Issues for Multinationals
Although U.S. corporations naturally want their customers to benefit from the exciting technologies they have invested in, most also want to comply with the local regulations in countries in which they operate. The current complexity and ambiguity around jurisdiction certainly doesn’t help. Each of the 27 EU member states has at least one regulator, all with differing interpretations of how the EU Directive approaches enforcement and other practical matters. Thankfully, this is now changing. From 2015, the EU is moving to streamline the current system which will provide clarity, and allow a “One-Stop Shop” regulatory approach within Europe. Companies will now have a choice as to where they manage and defend data privacy issues. This is where Ireland has a particular edge.
EU Law with an Irish Flavor
In addition to the talent and infrastructure that makes Ireland a sophisticated European home for U.S. companies, the “Firm but Fair” way the Irish regulator has dealt with companies has added to the attractions of the country. It’s EU law with an Irish flavor. While in no way “light-touch,” the Irish regulatory approach is to engage with companies early, develop an understanding of their business and work with them to ensure that they are compliant. The goal is to achieve results without having to resort to punitive measures, although companies should note though that Irish regulator has more enforcement powers than most other countries.

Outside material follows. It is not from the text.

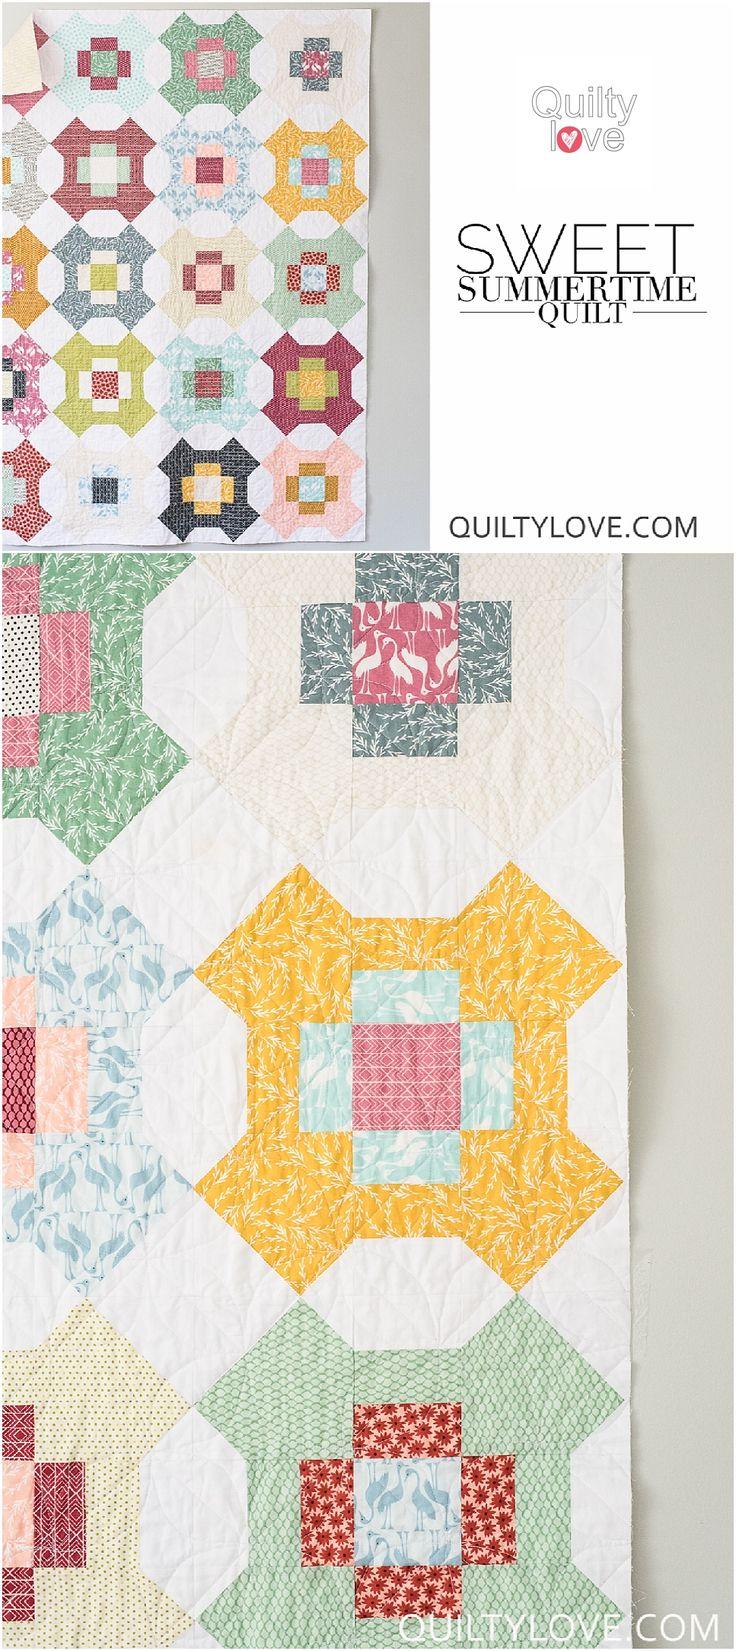 Sweet Summertime quilt

Mr Hawkes' successor Helen Dixon is about to come on board. With Apple, Yahoo and Adobe recently announcing their intention to manage their privacy operations from Ireland – with others to follow – Dixon will be busy. To help, the Government has recently expanded Dixon’s team and opened a new office in Dublin.
In the meantime, we wish Commissioner Hawkes a long, happy, and above all – Private – retirement. He has earned it.
Paraic Hayes runs the Consumer Technology and Services sector at IDA Ireland’s Silicon Valley office. He has waived his Right To Be Forgotten for this blog.